Sounds to me like they've rushed Nforce 3 out to meet the Athlon 64 launch, and the next revision will really be the Nforce 3 chipset you wish you'd bought for your Athlon 64.

As a one-chip solution, the Nforce3 easily undercut in cost of any other motherboard, so it's the low mantra (a la 5200), so it doesn't need the most features or performance. Actually, it does have Soundstorm but it's disabled. It must be some technical reason why it isn't enabled. A single chip solution is probably more difficult to implement than the other designs it would seem.

And the Nforce3 150 came out like in June for the Opteron, and now it's rebadged/revised for the A64. I believe that it's the 250 that was really targeted for the consumer PC, so "rushed" is the wrong idea.
 
Chalnoth said:
jvd said:
Well considering the nforce 3 is not the athlon 64 mb to own I don't know if it will help
From the benchmarks I've seen, it is pretty much tied with VIA's chipset. However, this was to be expected. With an on-die memory controller, different motherboard chipsets just aren't going to be that different in performance.

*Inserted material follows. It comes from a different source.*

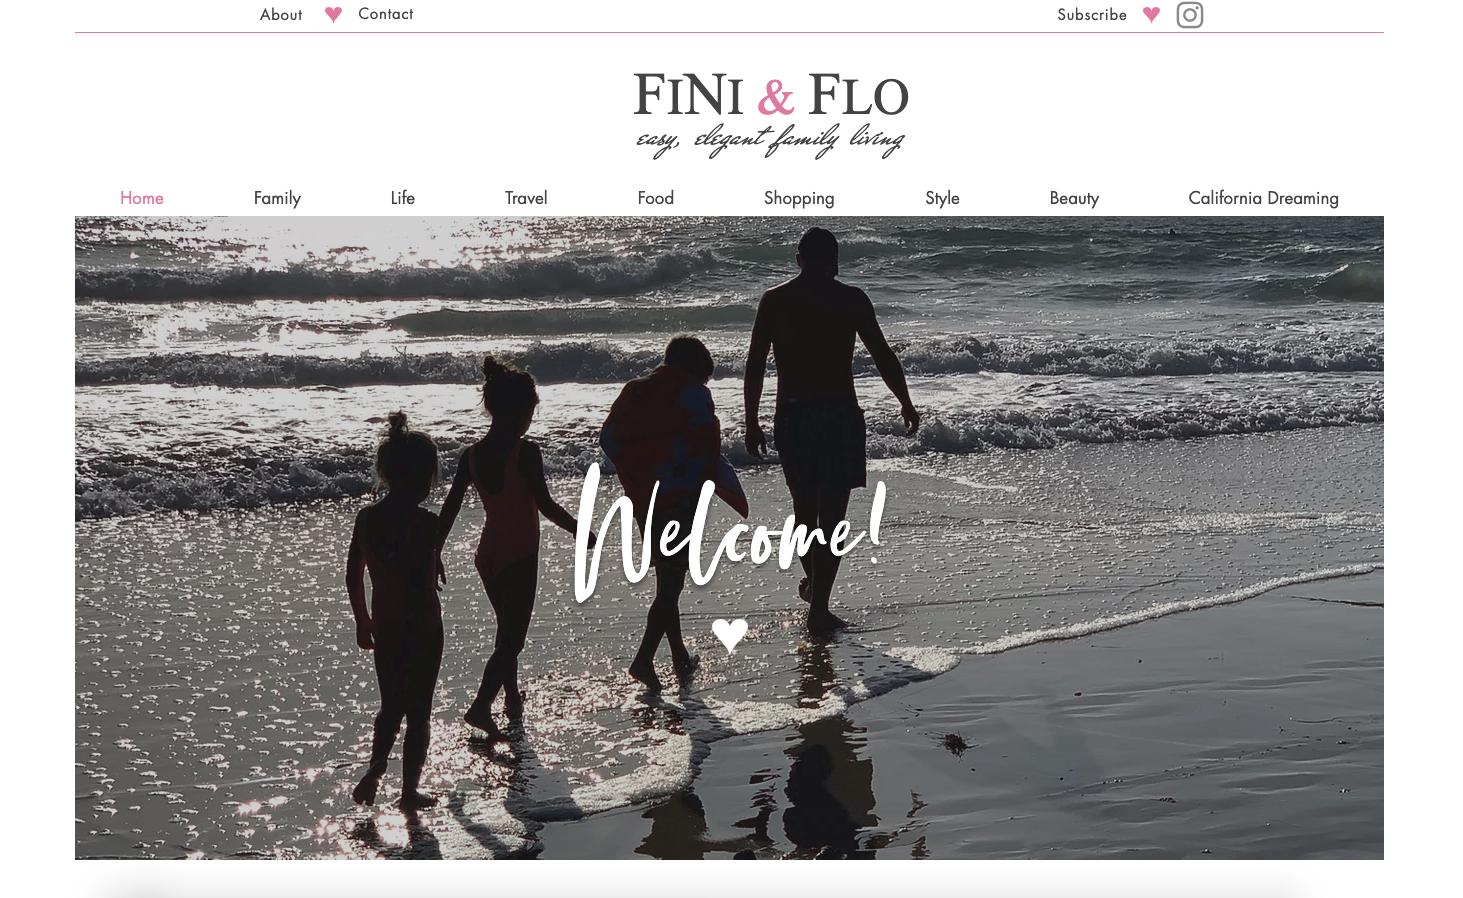 FiNi & Flow

The chipsets seem to have very similar featuresets, but with the single-chip design of the nForce3, it should be a lot cheaper. A quick look at pricewatch shows that the nForce3 is now available in large quantities, at a reasonable price. The KT800 is not.

But you seem to think that the VIA chipset would be the one to own. Why?
There are two versions of the nforce 3 . One is very available and the other is very rare . The one that is rare is the ultra part and has the ht links running at 200mhz faster in line with the via chipset. Its also not as feature rich as the the via chipset. I own both.